**Supplied material**
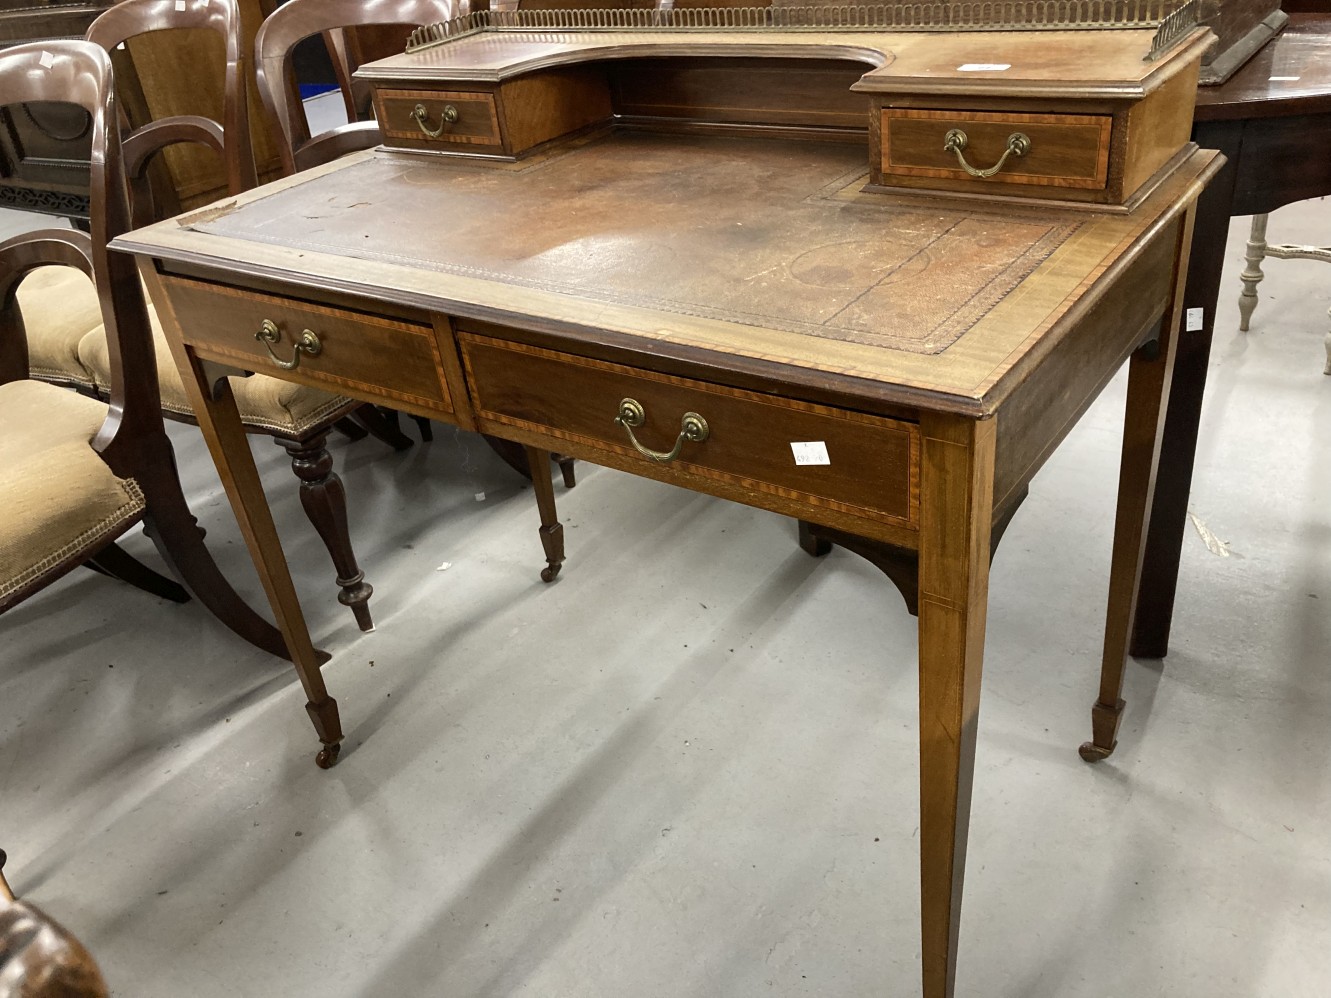 Edwardian mahogany writing desk with satinwood crossbanding and boxwood stringing, raised
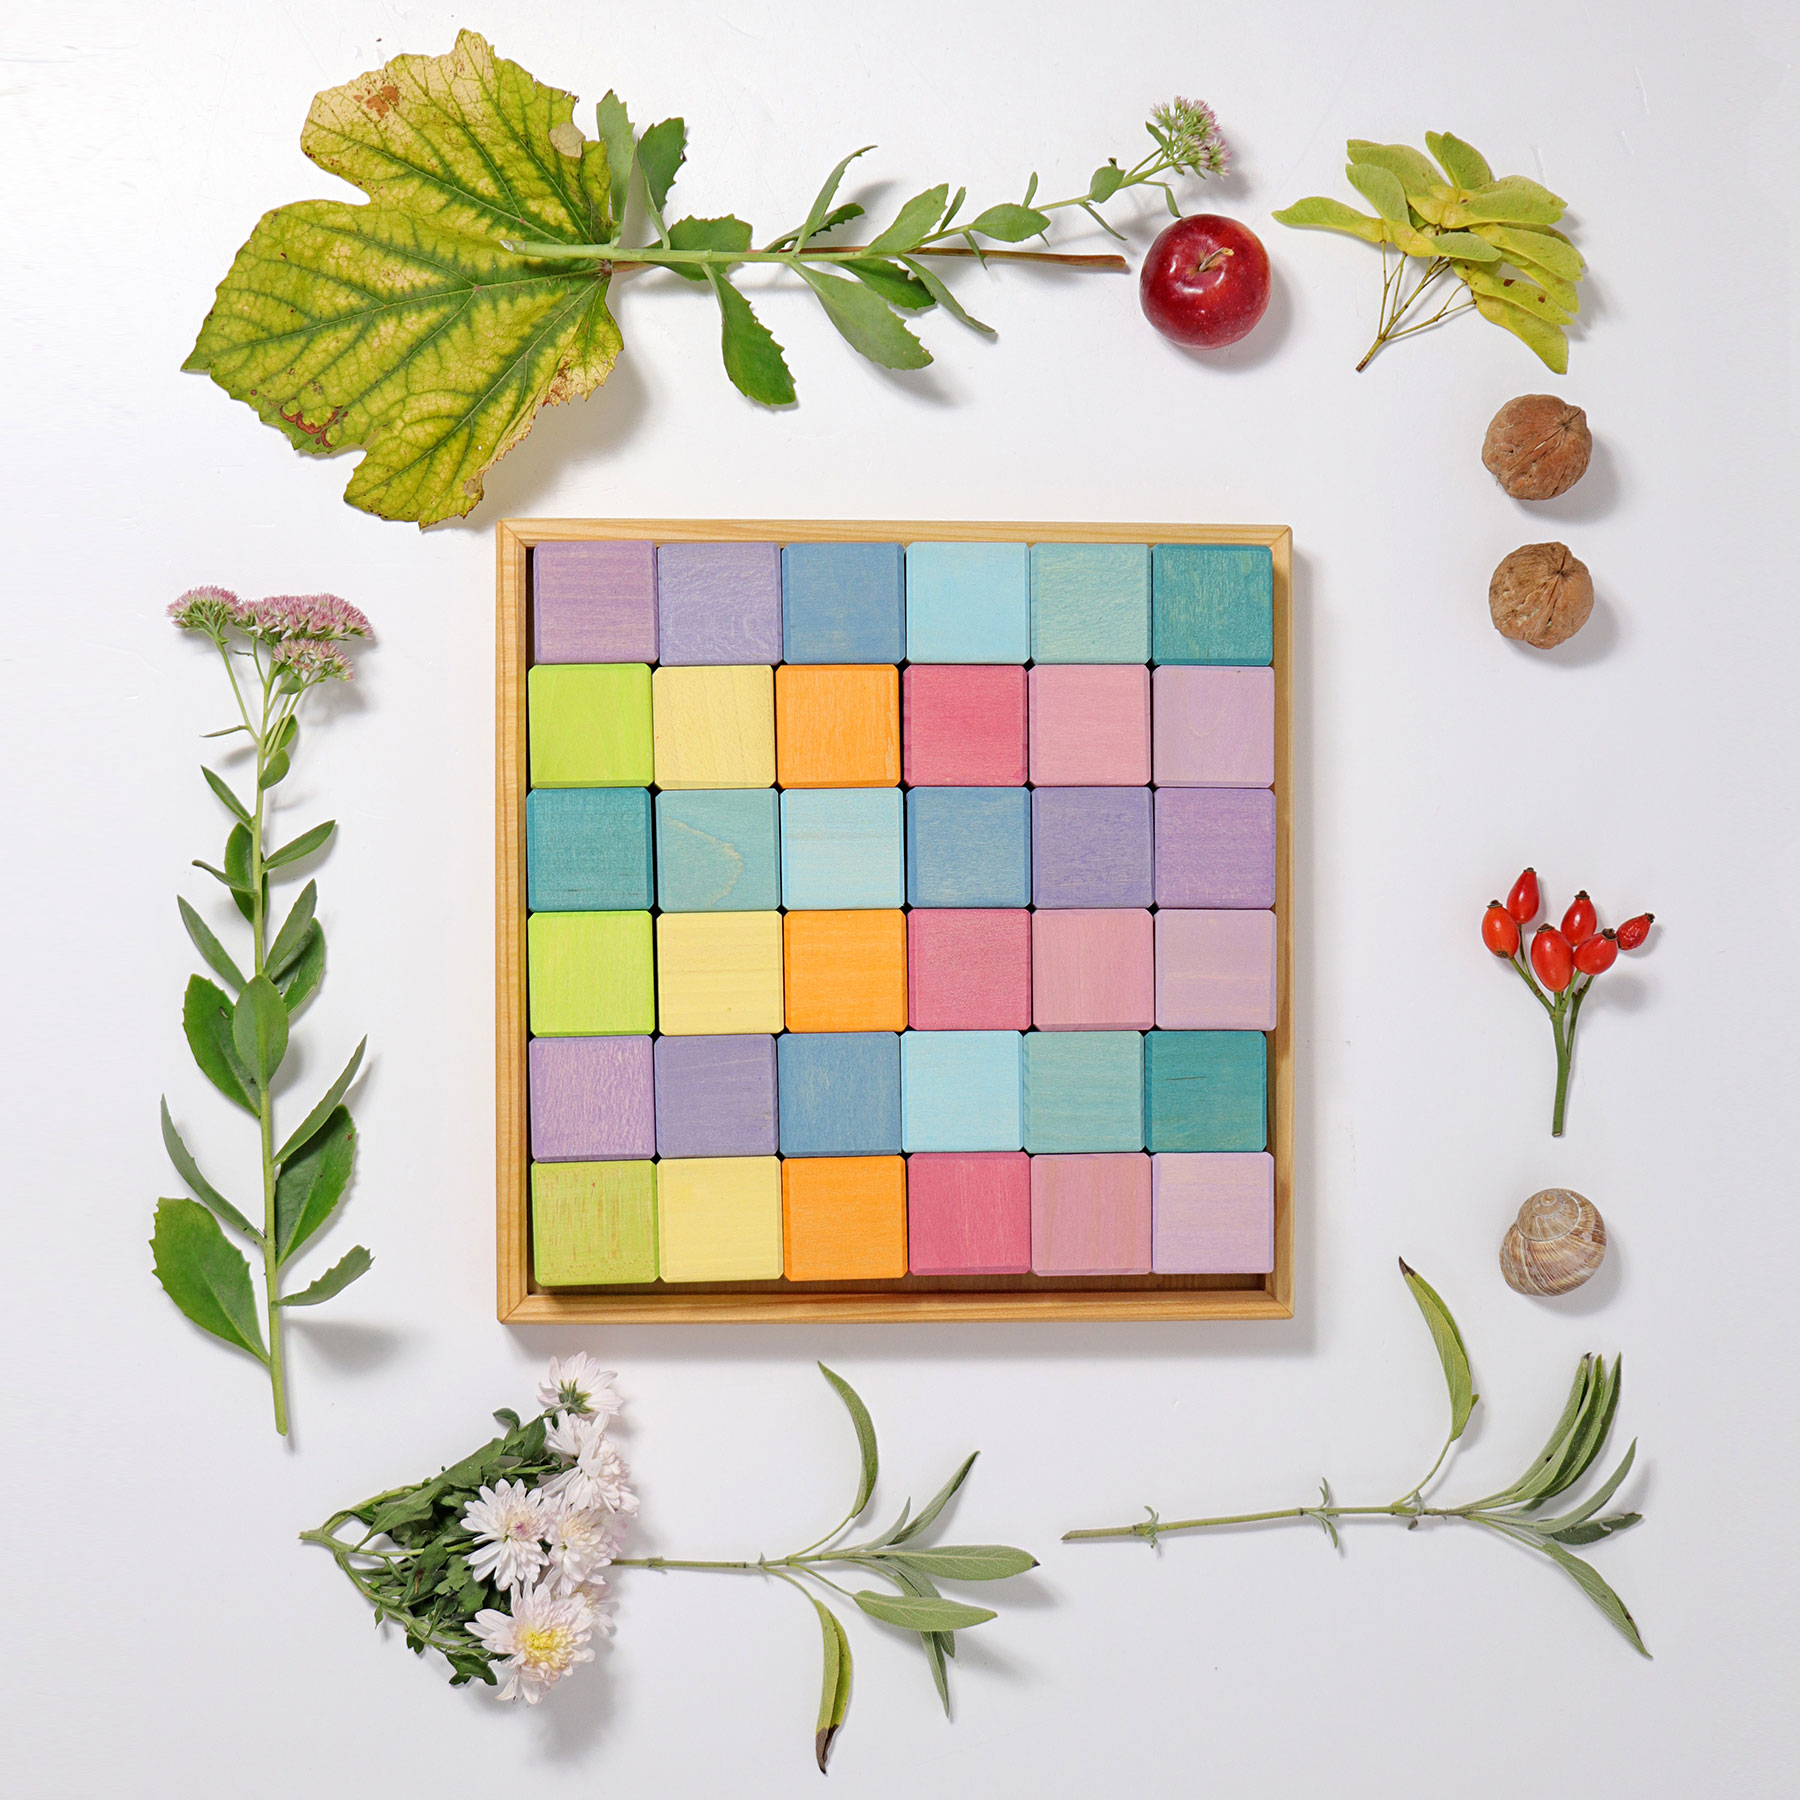 Grimm's - Set de cubes en bois Mosaïque, couleurs pastel
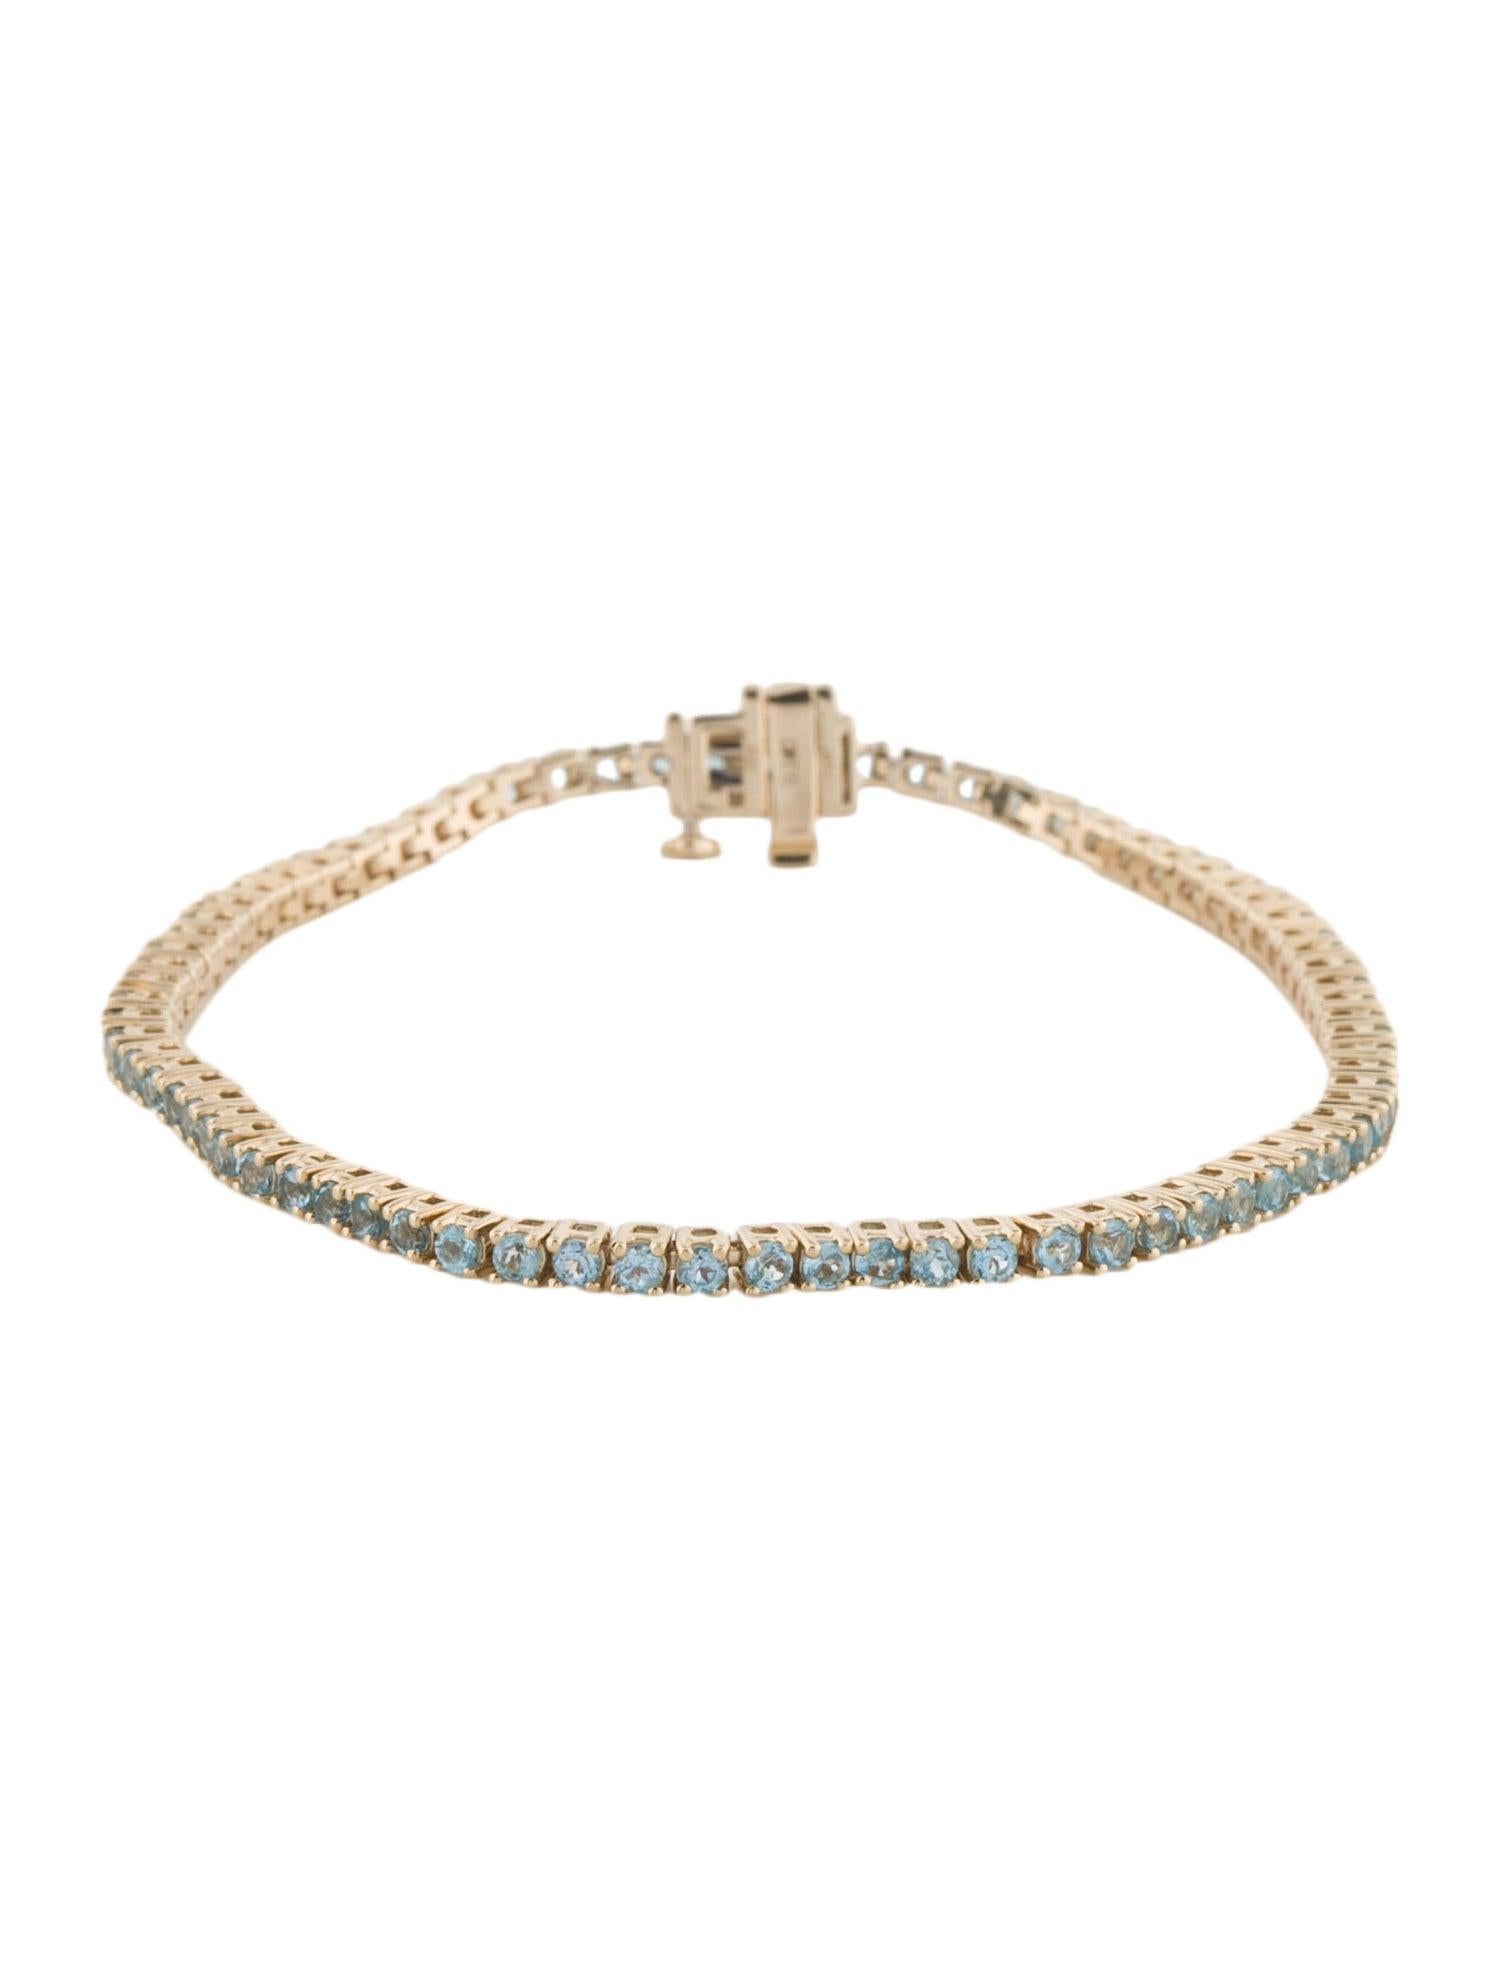 Brilliant Cut 14K Blue Topaz Link Bracelet - Captivating Gemstone Elegance, Timeless Design For Sale

**Problem description**
Leaving every picture out, output the data exactly as it stands.

**Written answer**
 Edwardian mahogany writing desk with satinwood crossbanding and boxwood stringing, raised
 Grimm's - Set de cubes en bois Mosaïque, couleurs pastel
 Brilliant Cut 14K Blue Topaz Link Bracelet - Captivating Gemstone Elegance, Timeless Design For Sale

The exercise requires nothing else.